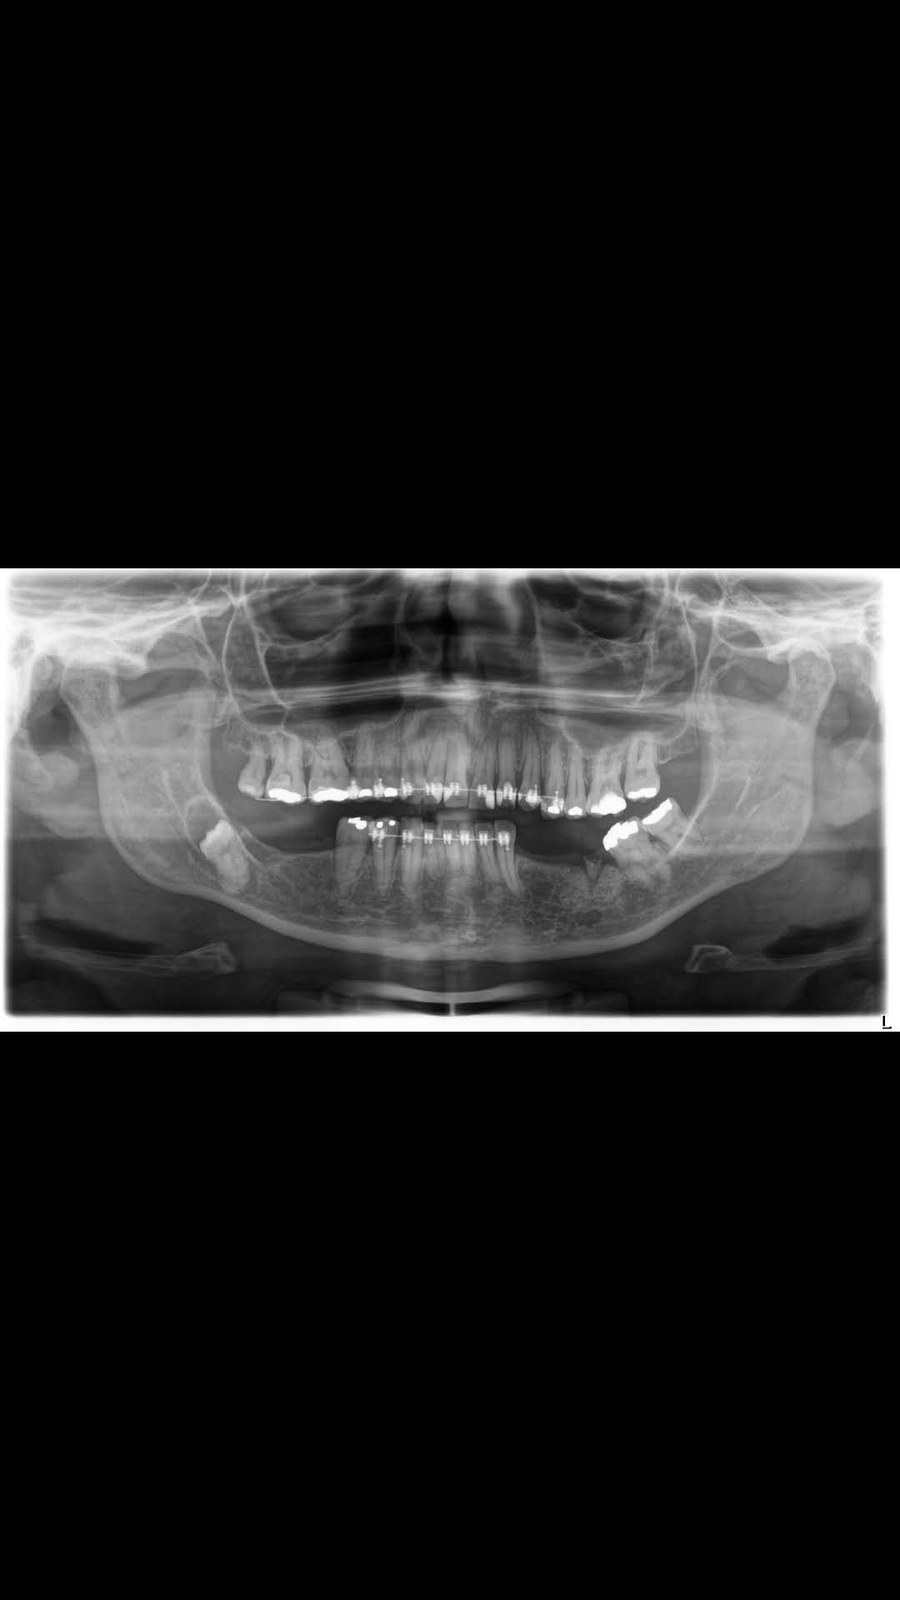 Preciso fazer uma cirurgia pra retirar um cisto no dente siso e implantar os que faltam
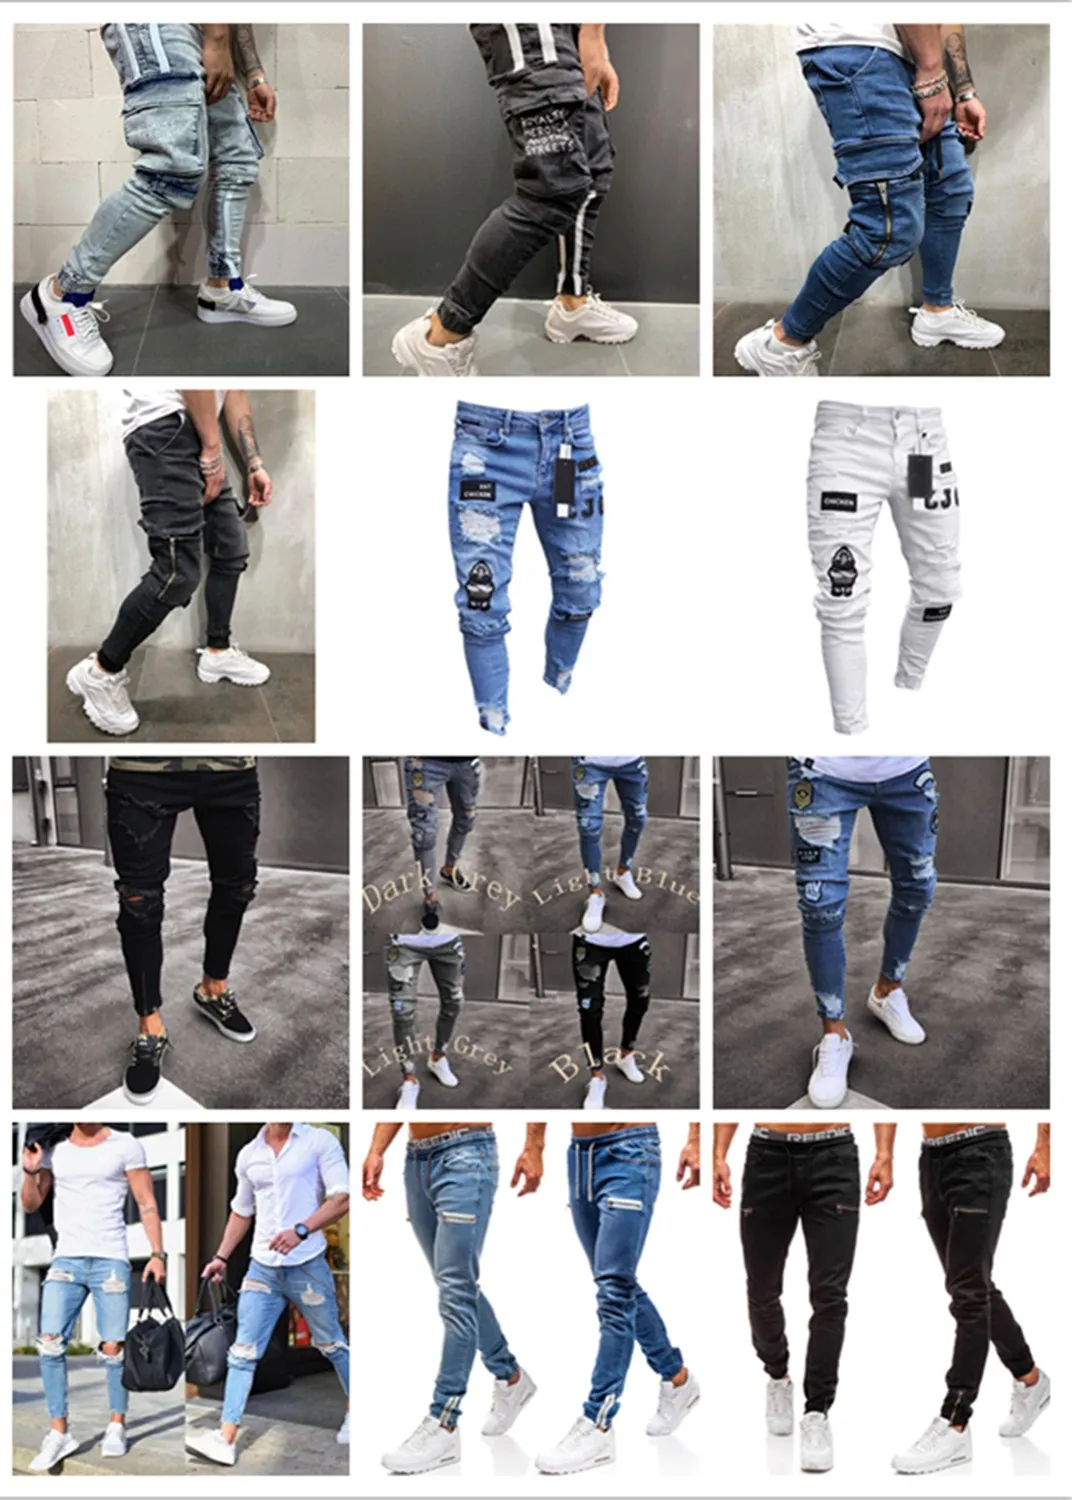 Мужские джинсы-шаровары с эффектом потертости, блестящие джинсовые черные штаны, спортивная одежда в стиле хип-хоп, штаны для бега с эластичной резинкой на талии, джинсы с полосками по бокам
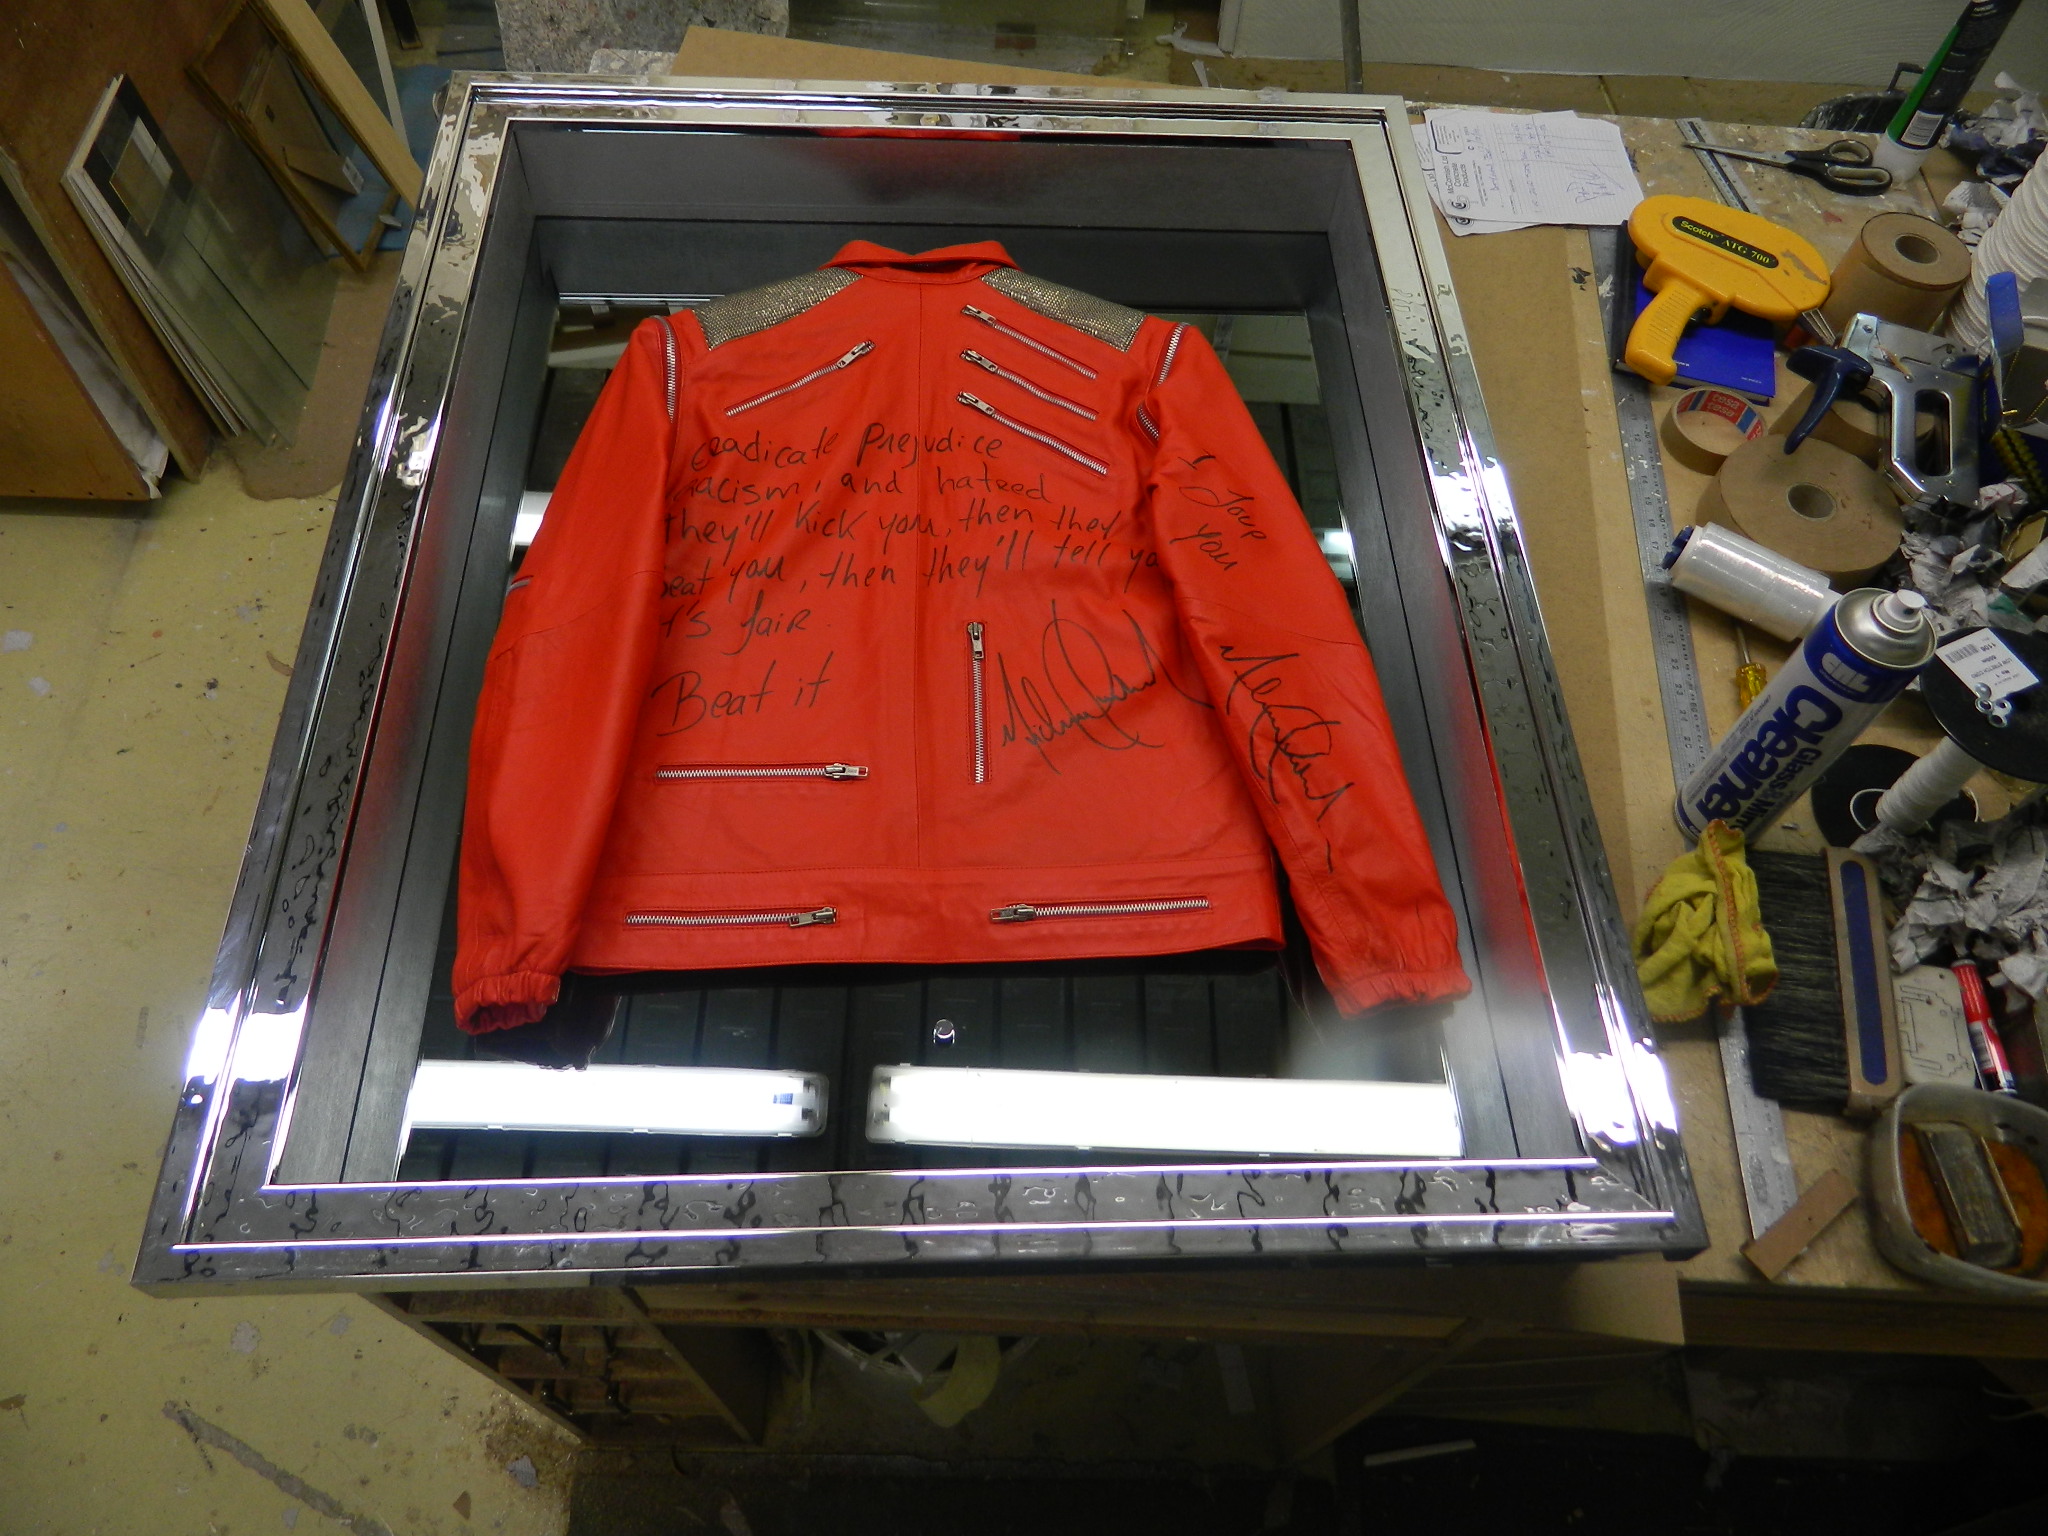 Michael Jackson's signed jacket

^^^^^^^^^^^^^^^^

» TASK STATEMENT
Each line from the one containing "Мужские джинсы-шаровары с" through the last line of the listing must be copied exactly, and the pictures must not be.

» SOLUTION TO THIS TASK
 Мужские джинсы-шаровары с эффектом потертости, блестящие джинсовые черные штаны, спортивная одежда в стиле хип-хоп, штаны для бега с эластичной резинкой на талии, джинсы с полосками по бокам
 Michael Jackson's signed jacket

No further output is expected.